Fauci’s reply tells you all you need to know. Liberty was once protected by the U.S.  Constitution. Now thanks to the censorship and propaganda of the CNNs and Jack  Dorsey’s, it but a nuisance in the way of the state’s “public health thing”. 


“I don’t look at this as a liberty thing, Congressman Jordan. I look at this as a  public health thing.” 

Finally, we have a heads-up from out peripatetic friend, Lee Adler, who always follows  the cash. If you are wondering why the 10-year UST rate has stabilized in recent days  around the 1.60% yield level, then just consider the perverse mechanics of what Jamie  Dimon was celebrating in the quote above.  

Over the last several quarters the US Treasury has issued massive amounts of bills and  notes, which have been readily digested in the bond pits because the Fed had its big Fat  Thumb on the supply/demand scales and scarfed up most of the issues, which would  have otherwise found a home at drastically, even catastrophically, higher yields.  

However, as it does periodically, the US Treasury has temporarily paid down a  considerable amount of paper as part of its balance sheet management operations.  Temporarily, therefore, great gobs of cash has been released to the primary dealers to  load up on new inventory, thereby momentarily taking the edge off from UST yields.  

However, as Lee explains below that’s just a double shuffle. At length, the debts must be  paid.  

The US Treasury is again going hog wild with T-bill paydowns, announcing  $62 billion over the past week alone. There’s actually a net paydown in April,  after new coupon issuance. Extra slosh for the party. 

And, of course, this week is the Fed’s regular monthly MBS QE purchase  settlement week April 14-21. They’re pumping $93 billion into Primary Dealer  accounts this week.
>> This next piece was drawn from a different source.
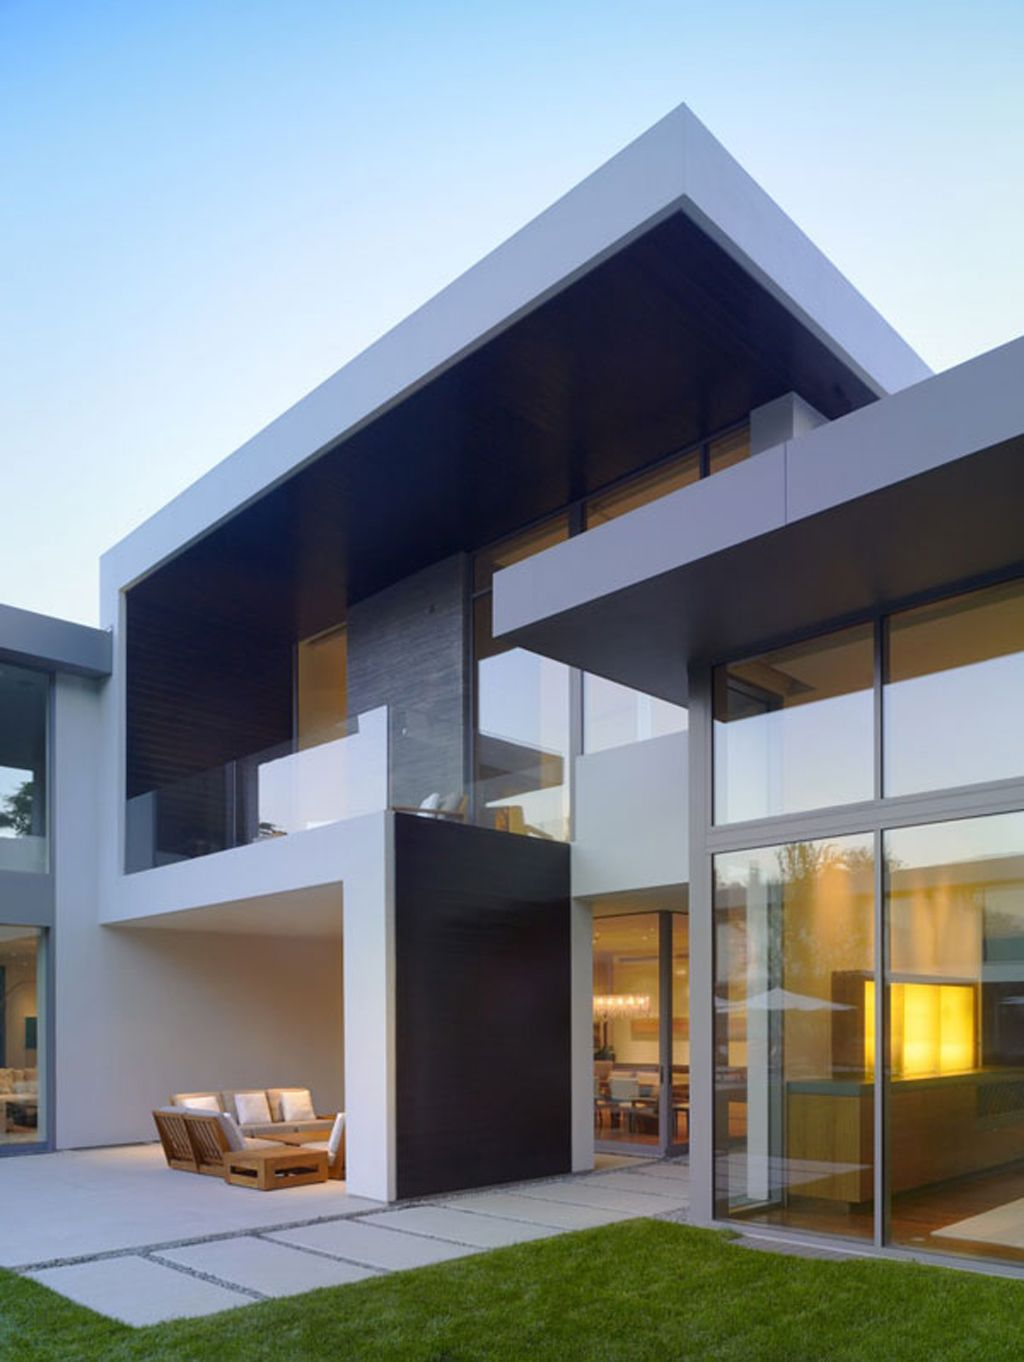 Modern Urban House : modern, urban, house, Urban, House, Plans, Architecture, Interior, Design, Minimalist, Design,, Modern, House,

The dealers have been up against it in managing their bond  inventories, and the Fed and Treasury are, as always, doing whatever it takes  to rescue them. 

So all the explanations that you are seeing in the media about why Treasuries  are rallying are just so much BS from the clueless mob. It’s about money plain  and simple. The Fed and US Treasury are doing a great job of manipulating  prices in the short run by pumping a combined $185 billion into the markets,  most of it directly into the accounts of Primary Dealers in a very short period. 
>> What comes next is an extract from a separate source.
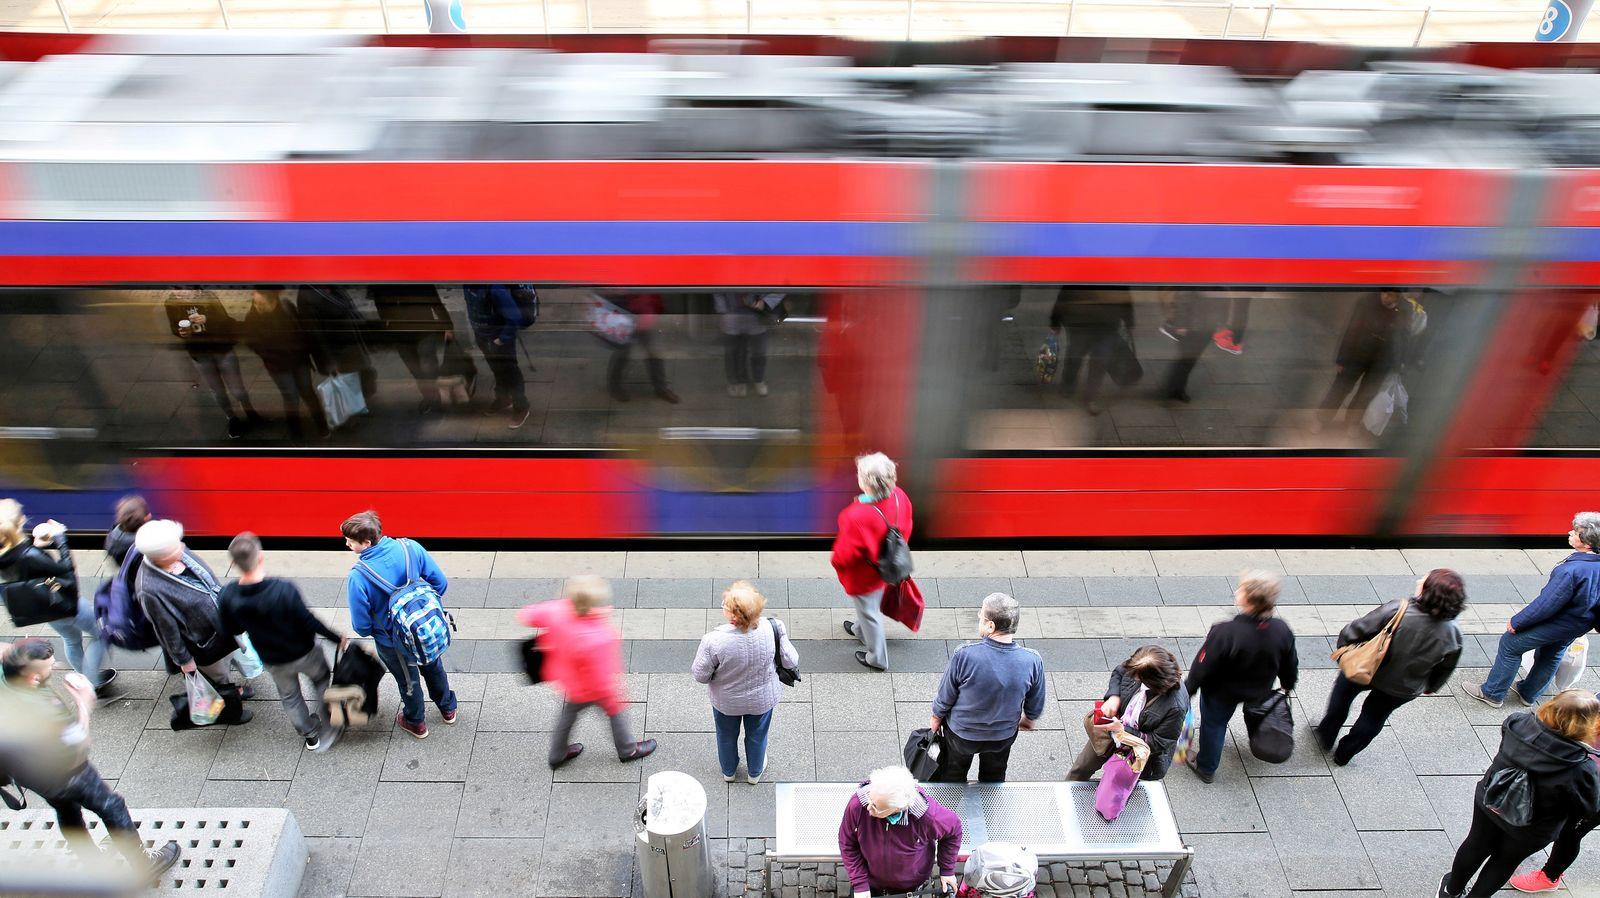 Öffentlicher Nahverkehr/ Straßenbahn

We were prepared for and expecting this liquidity to boost the markets this  week as usual in the third week of the month, but the additional T-bill paydowns  over the rest of the month are a new wrinkle that will add even more liquidity  than we expected. The end of month period may not be as dry of funding as  usual. 

This too shall pass, and we know that the end is nigh!


Yes, it is. The lemmings are in their full-on dash to the sea mode, impelled, apparently,  by the hypnotic sound of the crashing waves down below.  


David Stockman was Director of the Office of Management and Budget under President Ronald Reagan. After leaving the White House, Stockman had a 20-year career on Wall Street.

The above originally appeared at David Stockman's Contra Corner.

1 comment:

  1. The lemmings may be "...in their full-on dash to the sea mode." And we may see another crash like 2001 and/or 2007 but Stockman surely understands that the FED has an ace up its sleeve. Namely the most successful counterfeiting operation that has ever existed. Since the dollar is the world's currency reserve, the FED is stealing by inflation from the rest of the world to the benefit of the U.S. The operation is so enriching to so many that no amount of rhetoric will stop it. Only when the victims (those populations most distant from the FED) have had enough and are stirred to defend themselves by war will it end. I shudder to think how devastating this war will be.